*How to complete this task*.
What you submit must be an exact copy of the listing below, with no images in it.

*Information supplied*.
[Start of section]

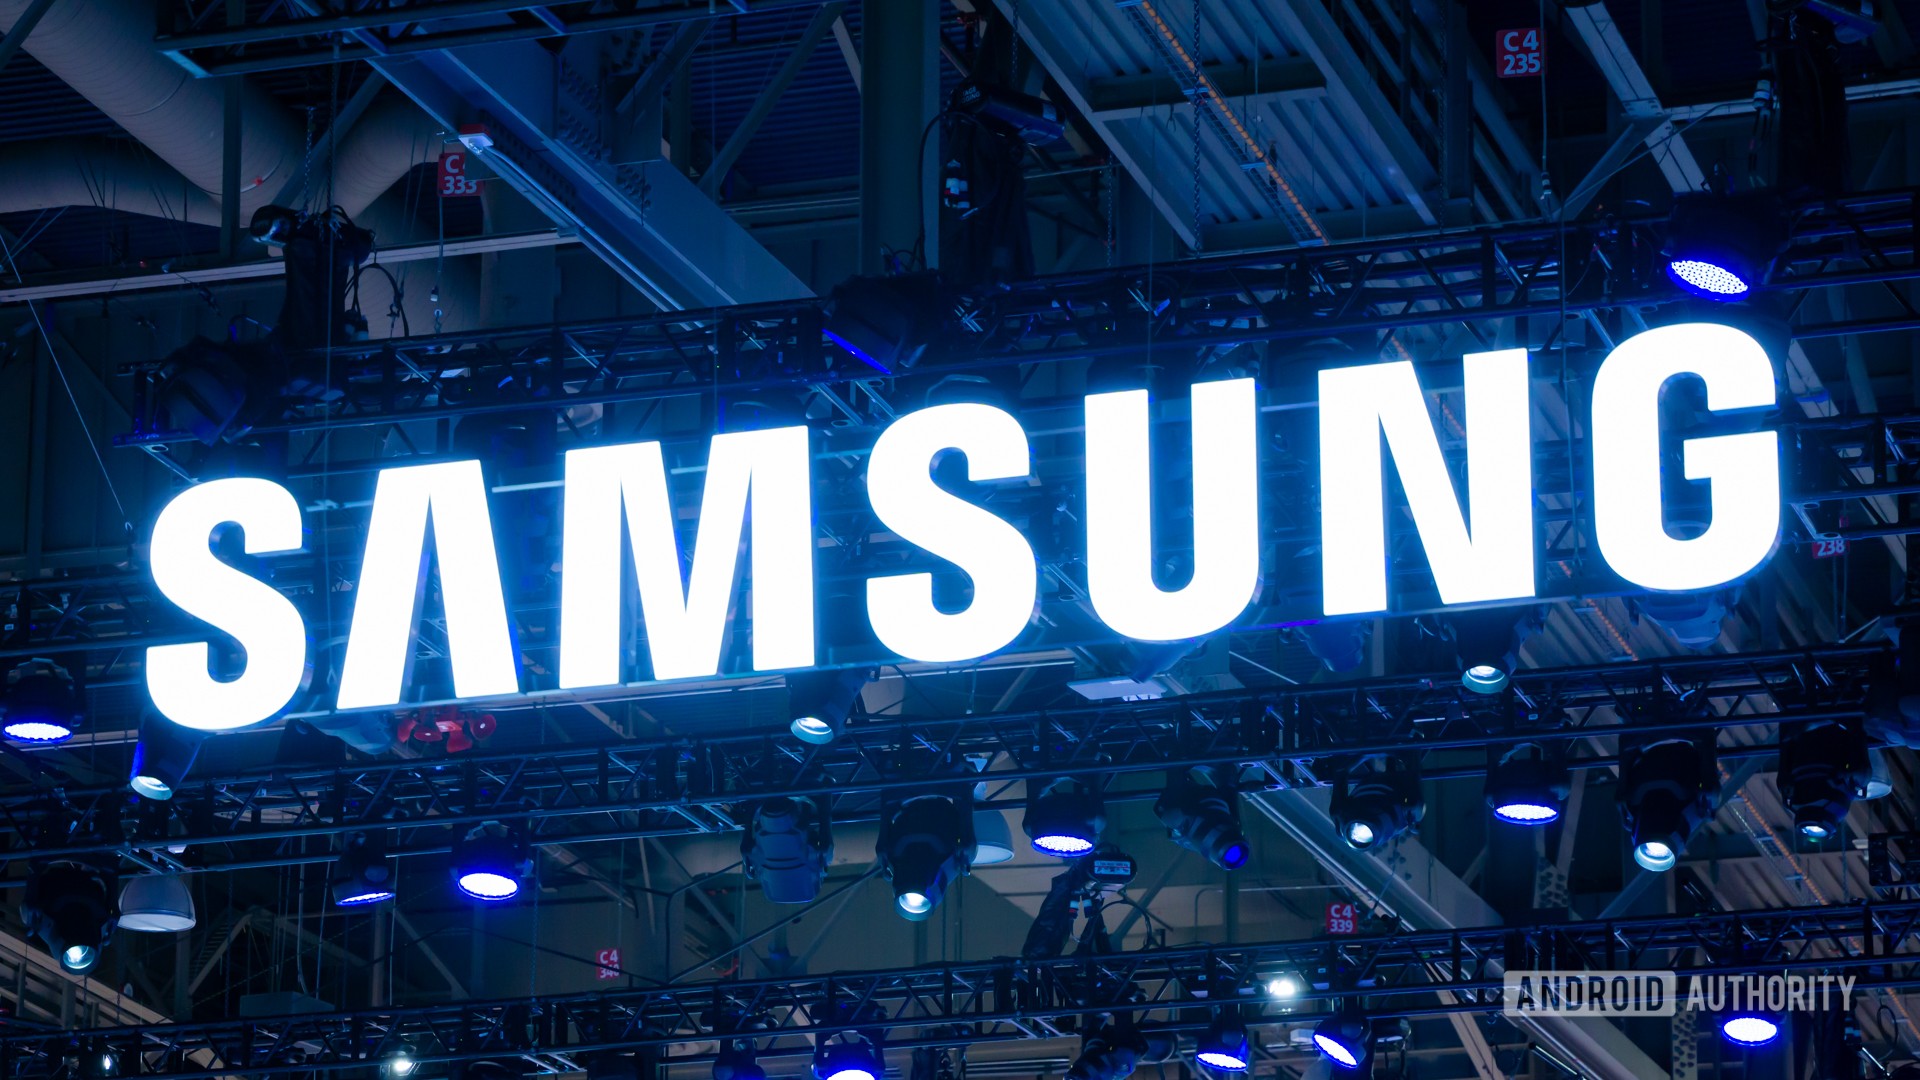 Samsung’s next big Unpacked event could take place on July 10
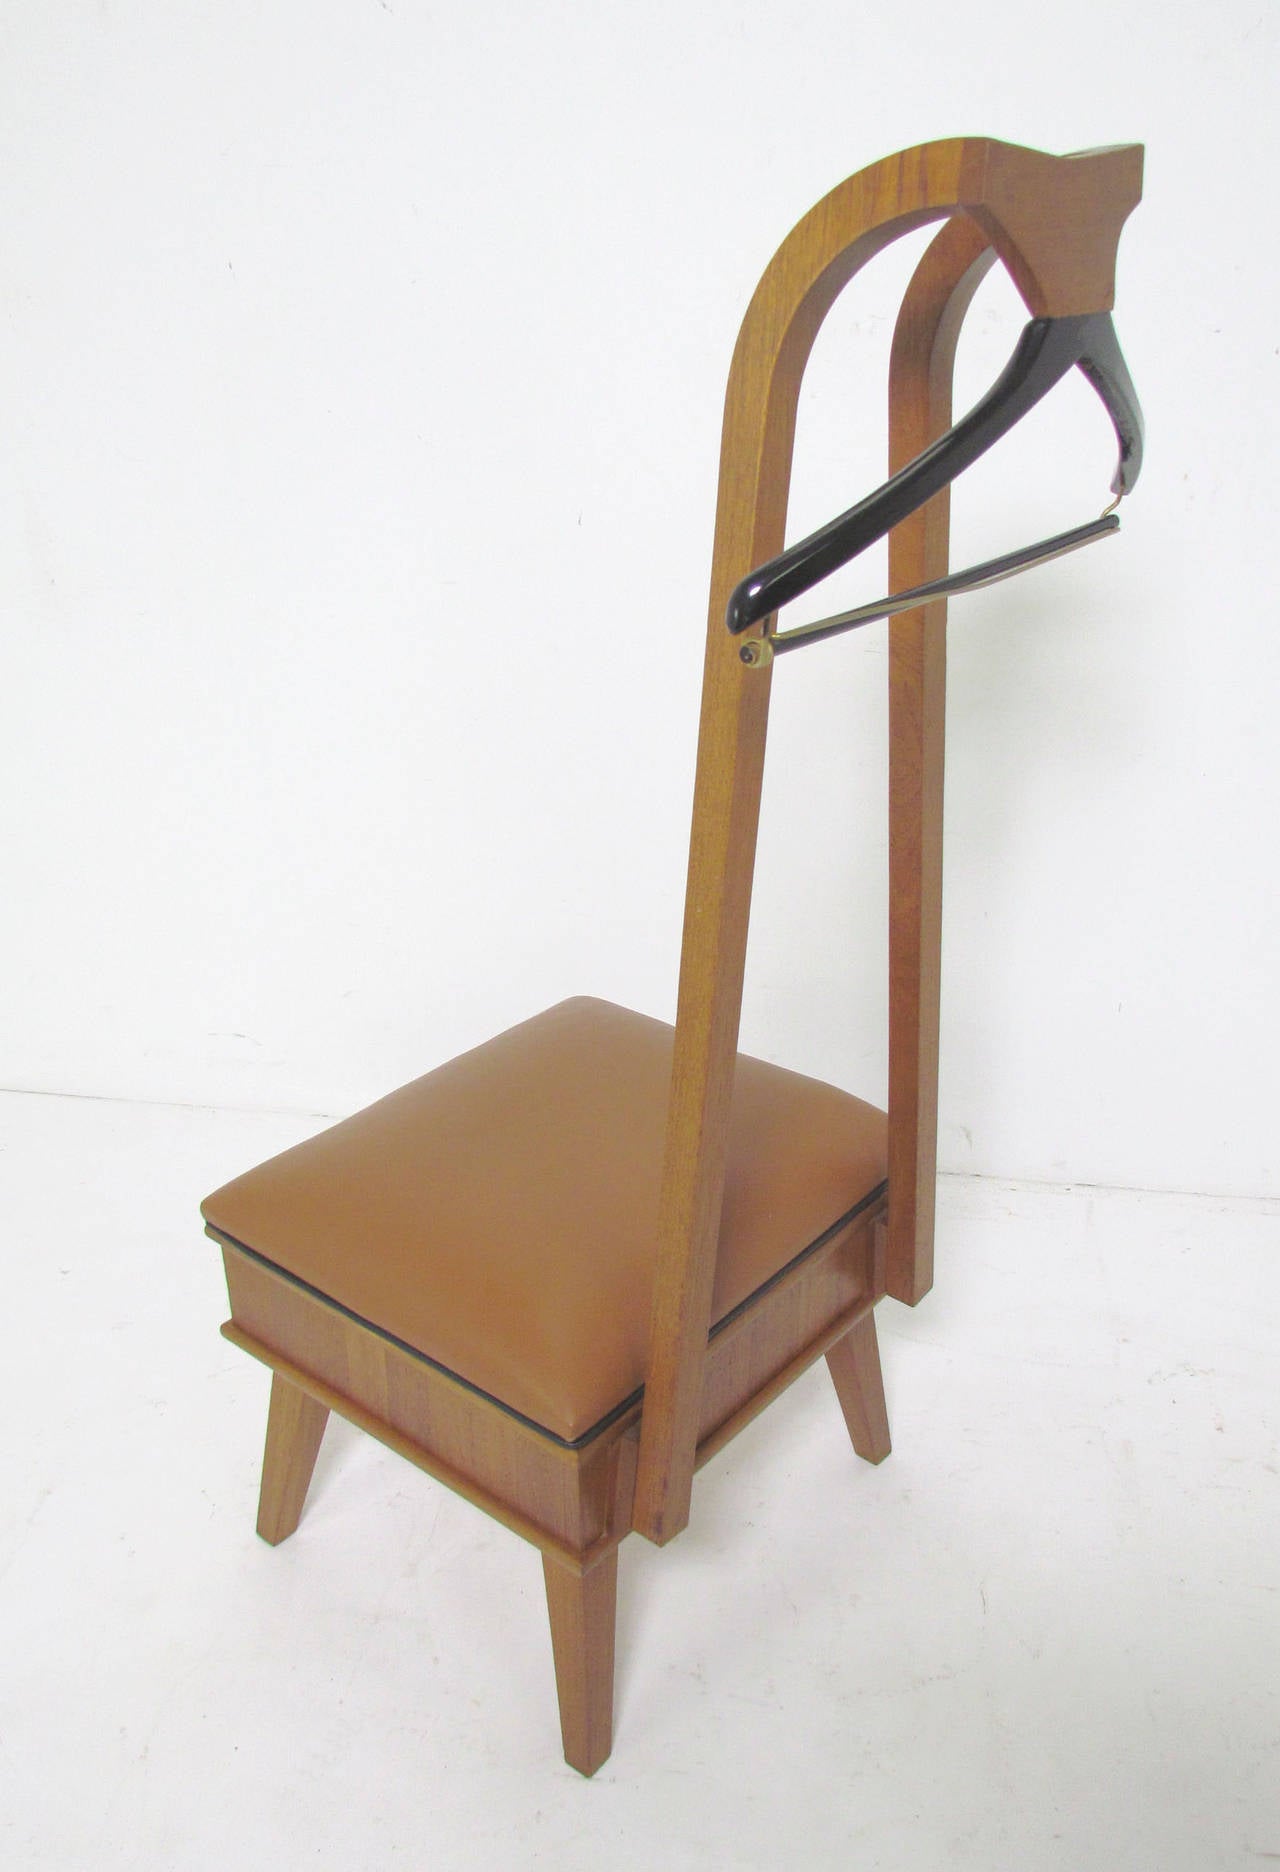 American Mid-Century Modern Studio Made Valet Chair in Walnut and Leather
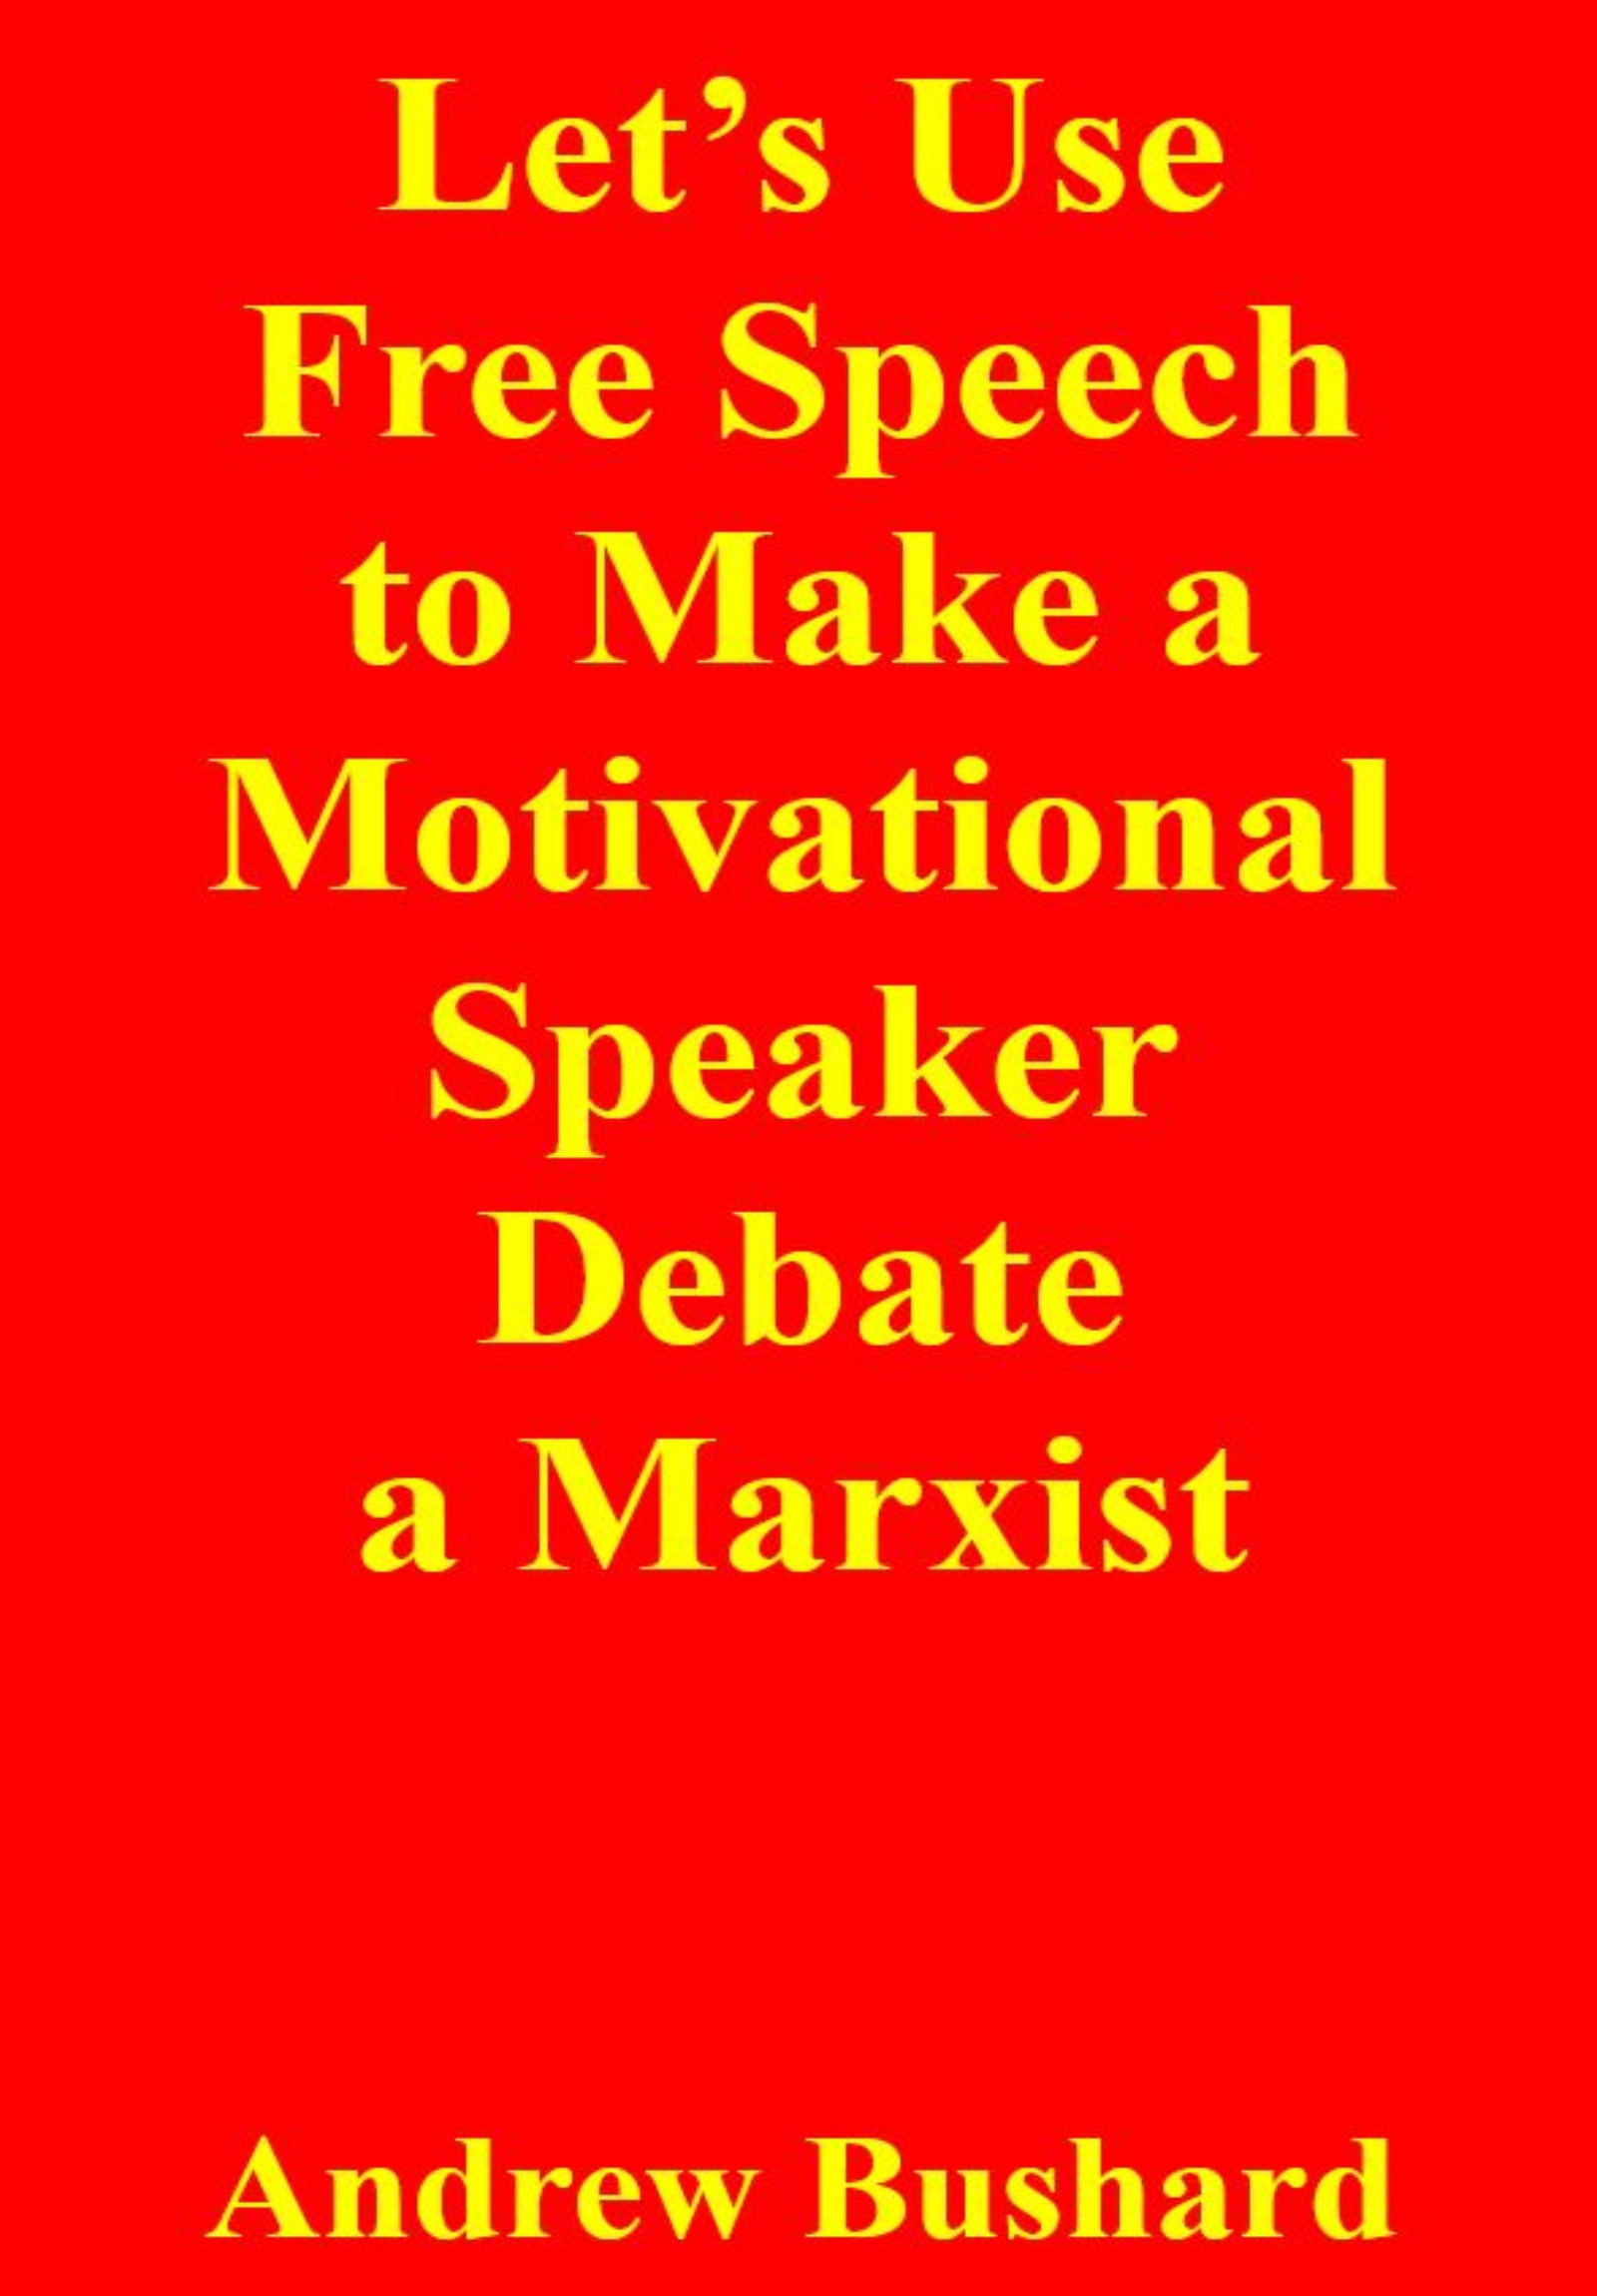 Let's Use Free Speech to Make a Motivational Speaker Debate a Marxist's featured image

[End of section]

*Solution below*.
 Samsung’s next big Unpacked event could take place on July 10
 American Mid-Century Modern Studio Made Valet Chair in Walnut and Leather
 Let's Use Free Speech to Make a Motivational Speaker Debate a Marxist's featured image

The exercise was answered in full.